Comment: For a change, a three-word chant is aimed at Trump

The chorus of “Vote Him Out” was patriotism disguised as rudeness, a call for actual law and order.

By Monica Hesse / The Washington Post

Donald Trump likes to present himself as a law-and-order president standing athwart an angry mob. On Thursday, he visited the U.S. Supreme Court and an angry mob confronted him, making it clear that they planned to thwart him in the most lawful, orderly way available.

It was astonishing, discombobulating and more patriotic than anything you’ll witness at a Trump rally.

As the president stood near Justice Ruth Bader Ginsburg’s casket, he surely thought he was conducting himself with decorum. He submitted to a mask, which he has not often been inclined to do during the pandemic. He’d shown up to pay his respects to a woman for whom he appeared to have little respect; the day after Ginsburg’s death, he’d cheerfully polled his rally attendees on whether they wanted him to replace her with a man or a woman. But whether the respect was real or feigned, on Thursday he’d come to the court to do something vaguely presidential.

And then the crowd below began to boo.

Loudly boo. A loud boo, followed by a chant, which began as an indistinct rumble and then transformed into something clear enough to be picked up clearly by television cameras: “Vote him out.”

Vote. Him. Out.

The president is well familiar with the concept of a three-syllable chant. Many have held a treasured presence at his own rallies: “Send Her Back,” targeting Rep. Ilhan Omar, D-Minn. “Lock Her Up,” invented for Hillary Clinton and later repurposed for Christine Blasey Ford, the woman who accused Supreme Court Justice Brett Kavanaugh of sexual assault, and even later used for Sen. Dianne Feinstein, D-Calif. Last week, “Fill The Seat,” arrived, called out by an exuberant crowd. The seat in question had belonged, of course, to Ginsburg.

As a rhetorical strategy, the chants have been effective: They’re easy to learn and easy to repeat. Shouting them provides a sense of togetherness, a landmark around which Trump’s fans can convene and reorient themselves amid one of his nomadic speeches.

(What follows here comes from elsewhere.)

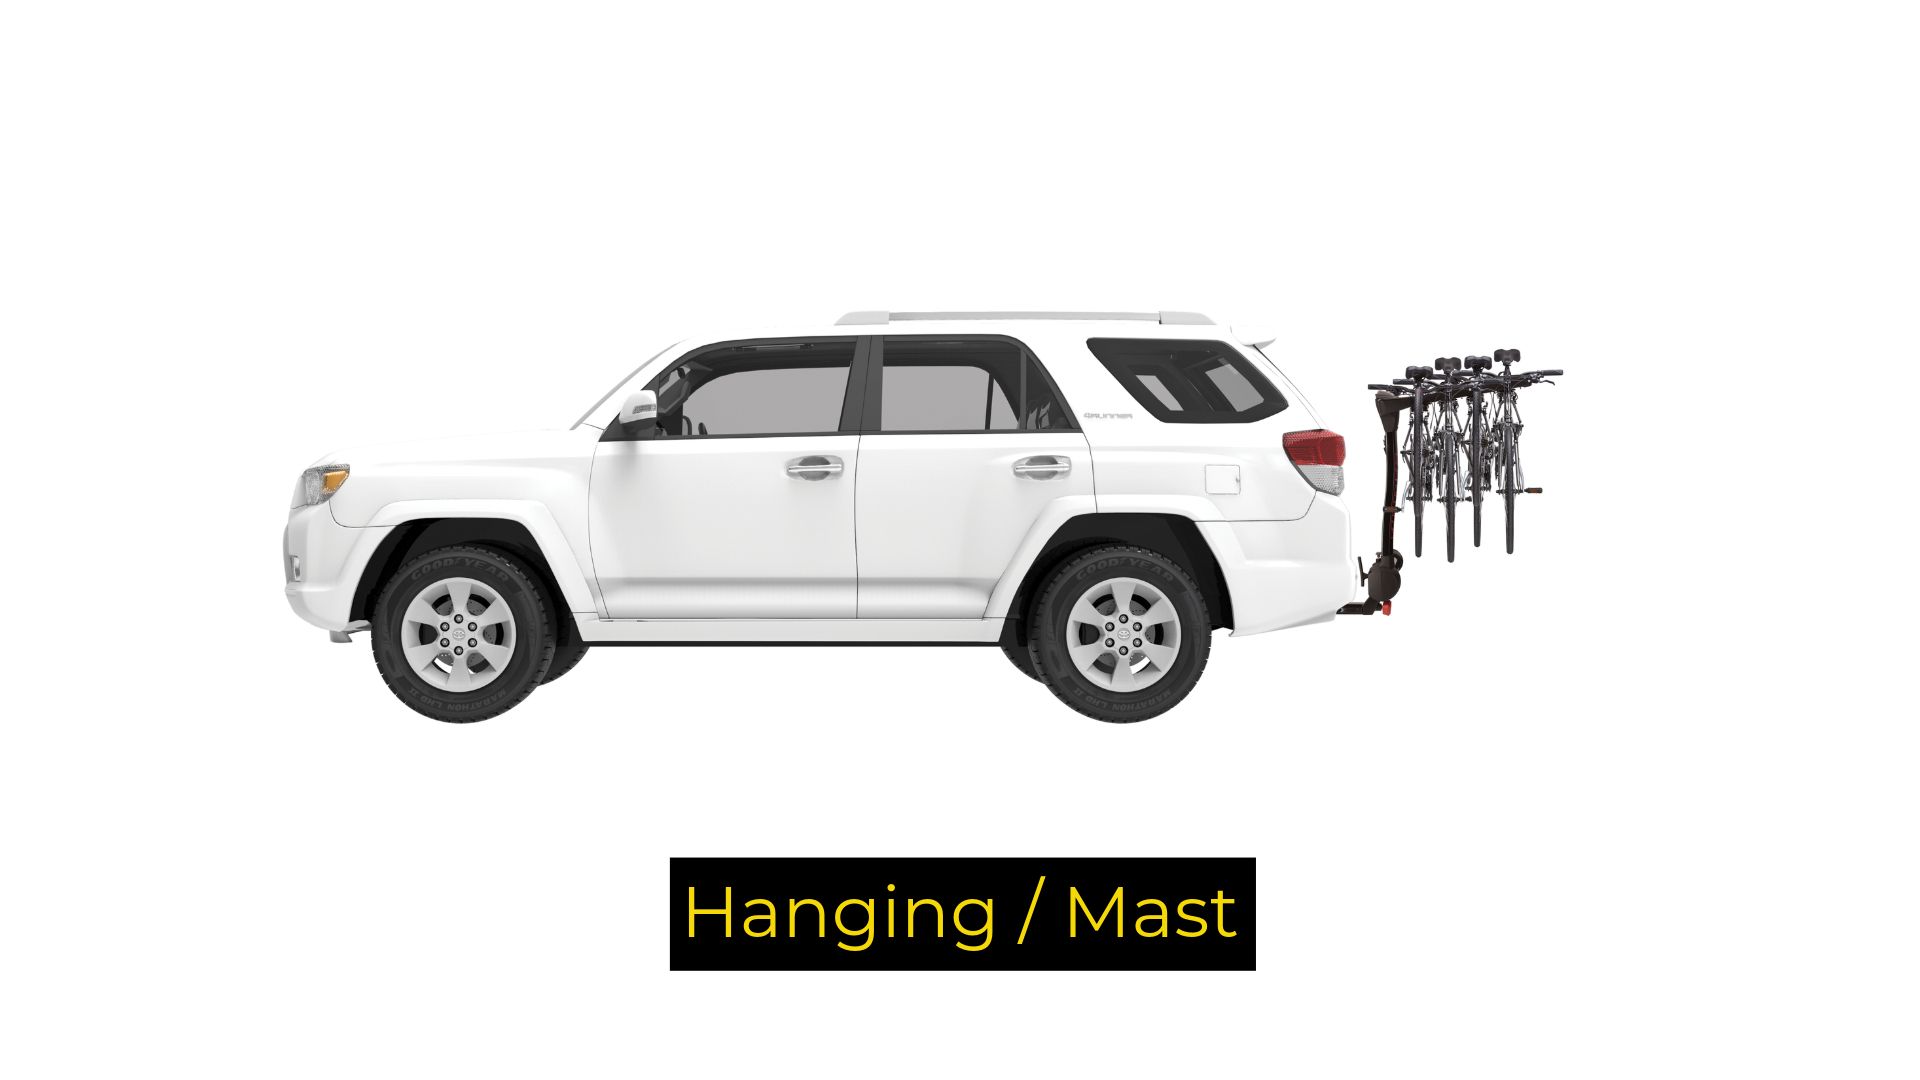 Car with a hanging style hitch bike rack

As a matter of morals, they’ve been … well; they’ve been awful. The chants always imply a little bit of lawless enforcement, usually directed toward someone who has less power than the president and who is not there to defend herself.

Omar is an American citizen; “Send her back” implied that she wasn’t, and also that Trump’s opinion of someone is what should determine their right to citizenship. “Lock her up,” migrating as it did from woman to woman, became a signal that this wasn’t about criminal proceedings; this was about the notion that ‘nasty women’ who challenged the president should be treated as criminals.

“Fill the seat” seems tame, but it’s a jeer. It implores the president to flout a rule invented by Republicans in 2016, rushing a new Supreme Court justice into Ginsburg’s chair before the funereal bunting had even been removed from it. It’s naked self-interest: On Wednesday, Trump told reporters that he wanted to appoint a justice before his election in case the court needed to settle an election-related dispute.

But first, a little performance of normalcy, in the form of Trump’s Supreme Court visit.

The president and the first lady flanked Ginsburg’s flag-draped coffin. It was scheduled, the next day, to be moved to the Capitol Rotunda, making Ginsburg the first woman to officially lie in state. Unlike most of his public appearances, the president did not have a lectern or a microphone. He was not surrounded by MAGA hats or campaign signs. Because of the mask, he was not even able to repel the boos with a scowl.

The only resemblance that Thursday afternoon’s appearance had to a typical public appearance was the chanting. And this time, it was directed at him.

“Vote Him Out,” the audience yelled, while the masked president could do nothing but stand by the casket of a woman the audience loved infinitely more than him. “Vote Him Out,” they called, while the president’s hands hung by his sides.

One could revel in the cheap-but-satisfying poetic justice of the scene. A man who craves power put in a position of impotence; a man who thrives on mocking others, humiliated.

But something else was happening on the Supreme Court steps.

The yelling crowd outwardly appeared to be indecorous and vulgar, failing to properly respect the solemn circumstances. But what they were yelling was not vulgar at all; certainly not to the woman whose spirit they had come to honor.

This was not rudeness disguised as patriotism, as is often the case in the president’s preferred chants. This was patriotism disguised as rudeness, a vigorous call for actual law and order. The audience was not crying for someone to “lock him up.” They weren’t suggesting he should be thrown out of his own country; they weren’t clamoring for him to be removed from office by force.

They were loudly advocating a democratic solution. They were using the three-word chant to invoke a peaceful transition of power, the foundation on which the Constitution and the country are built.

Vote. Him. Out.

Monica Hesse is a columnist for The Washington Post’s Style section, who frequently writes about gender and its impact on society. She’s the author of several novels, most recently, “They Went Left.”